Pour intervenir de manière efficace auprès des enfants en difficulté, les jeunes enseignants doivent pouvoir compter sur un environnement favorable. C'est le cas de Magalie Rivest (B.Éd. adaptation scolaire et sociale, 07), qui a commencé à faire des remplacements dans des écoles primaires de la Rive-Sud de Montréal au moment où elle terminait ses études. «J'ai travaillé dans des classes spéciales d'une dizaine d'enfants dont certains souffraient de troubles envahissants du développement. Je n'étais pas au secondaire ni dans un milieu défavorisé, où les problèmes de comportement et de violence sont plus fréquents.

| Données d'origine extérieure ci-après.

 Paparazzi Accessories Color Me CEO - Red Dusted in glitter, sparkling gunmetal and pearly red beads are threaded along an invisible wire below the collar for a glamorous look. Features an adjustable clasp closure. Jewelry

J'avais aussi l'appui et la collaboration des parents, ce qui est essentiel dans ce domaine.»

Valoriser la profession

Si on veut s'attaquer au décrochage, il faut valoriser les enseignants et tenir compte de leur profil personnel, soutient Patricia Brodeur. «Croire que les enseignants sont interchangeables, qu'il n'y a pas de différence entre enseigner dans une école du Plateau Mont-Royal et dans une école d'Hochelaga-Maisonneuve, c'est complètement aberrant», dit-elle.

Magalie Rivest et Philippe Savard insistent quant à eux sur l'importance de combattre le sentiment d'isolement. «À mon école, nous avons une enseignante-ressource, une sorte de mentor, dont 40 % de la tâche consiste à accompagner les nouveaux enseignants pour faciliter leur intégration», dit Philippe Savard. Selon lui, ce type de mesure serait facilement applicable dans plusieurs écoles. Le Conseil des diplômés de la Faculté des sciences de l'éducation a d'ailleurs conçu un projet-pilote visant à jumeler, sur une base volontaire, des vétérans avec de jeunes recrues.

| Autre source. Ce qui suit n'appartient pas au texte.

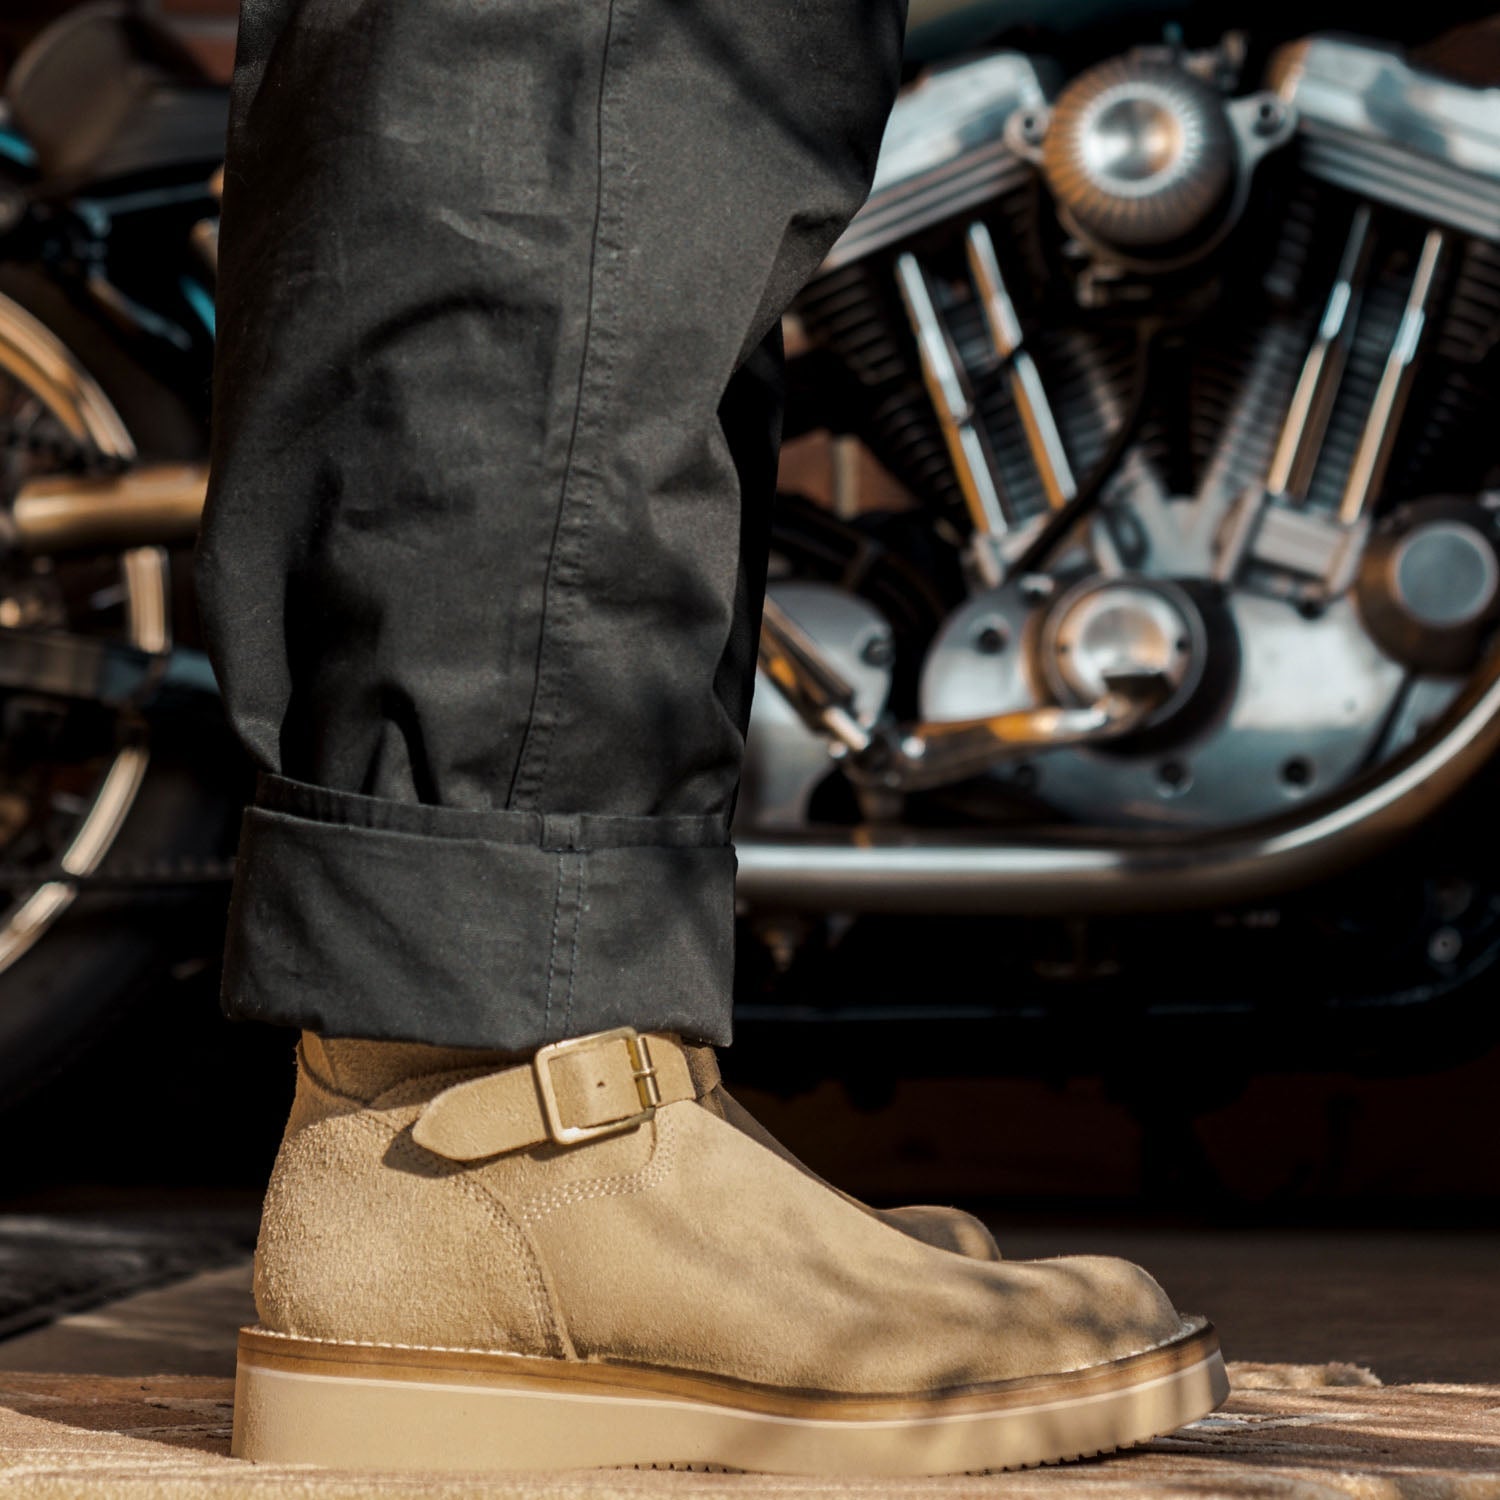 ROUGH RIDER ENGINEER BOOTS - May club

Enseigner est un métier difficile qui exige une mobilisation intellectuelle, affective et physique constante, observe Louise Gaudreau, professeure au Département d'éducation et pédagogie. «Les attentes à l'égard des jeunes enseignants sont énormes. On voudrait qu'ils soient aussi des psychologues et des travailleurs sociaux, alors qu'ils ont été formés pour enseigner», souligne-telle. La professeure, qui a piloté l'étude dont le ministère de l'Éducation s'est inspiré pour son plan d'action en matière d'adaptation scolaire, croit toutefois que les jeunes enseignants versent parfois dans une forme d'angélisme. «Comme un médecin doit s'attendre à avoir des patients plus lourds que d'autres, un enseignant doit aussi s'attendre à avoir des élèves plus difficiles. Ça fait partie de la réalité. Et on ne peut jamais être parfaitement préparé à l'affronter. Cela dit, il faut cibler en priorité les commissions scolaires où la situation est particulièrement problématique et leur accorder les ressources nécessaires.»

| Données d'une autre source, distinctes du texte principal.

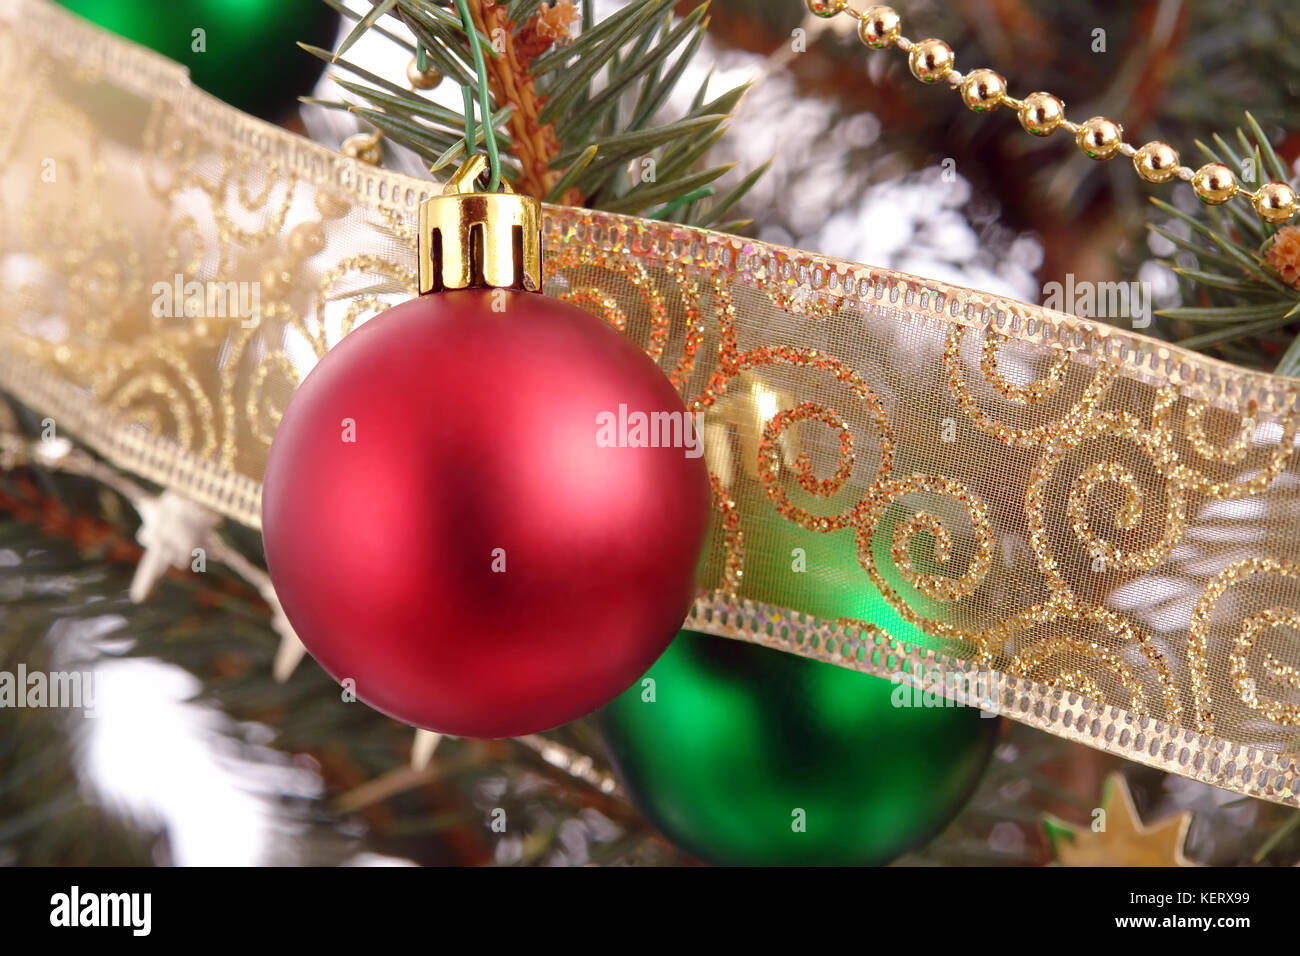 Red christmas ball with golden ornaments hanging on spruce branch Stock Photo

Des études démontrent qu'il faut cinq ans environ avant qu'un enseignant n'acquière une maîtrise de ses outils. «Quand j'accueille de nouveaux assistants de recherche, je leur demande des choses simples, dit Louise Gaudreau. Plus ils prennent de l'expérience, plus je leur demande d'accomplir des tâches complexes. La même chose devrait s'appliquer aux jeunes enseignants.» Or, c'est le contraire qui se produit. Les jeunes enseignants sont souvent parachutés dans les milieux les plus difficiles, ceux notamment où sévissent pauvreté et violence.

On doit s'interroger sur la formation que l'on donne aux futurs enseignants, affirme Gérald Boutin. «Les étudiants pourraient d'abord recevoir une solide formation disciplinaire de deux ans. À cela s'ajouteraient une troisième année consacrée à l'acquisition de notions de psycho-pédagogie et à la réalisation de stages et, enfin, une quatrième année d'insertion professionnelle, qui s'apparenterait à la formule de l'internat en médecine. Il faut aussi s'ouvrir à des modèles de formation différents, mieux adaptés aux réalités du terrain. Les enseignants qui travaillent en milieu défavorisé, par exemple, devraient recevoir une formation plus pointue en orthopédagogie», dit-il.

Au primaire et au secondaire, l'enseignant cherche à construire la base de tous les apprentissages à venir, rappelle le professeur. «C'est le premier formateur et on le traite comme s'il était un dernier de classe.»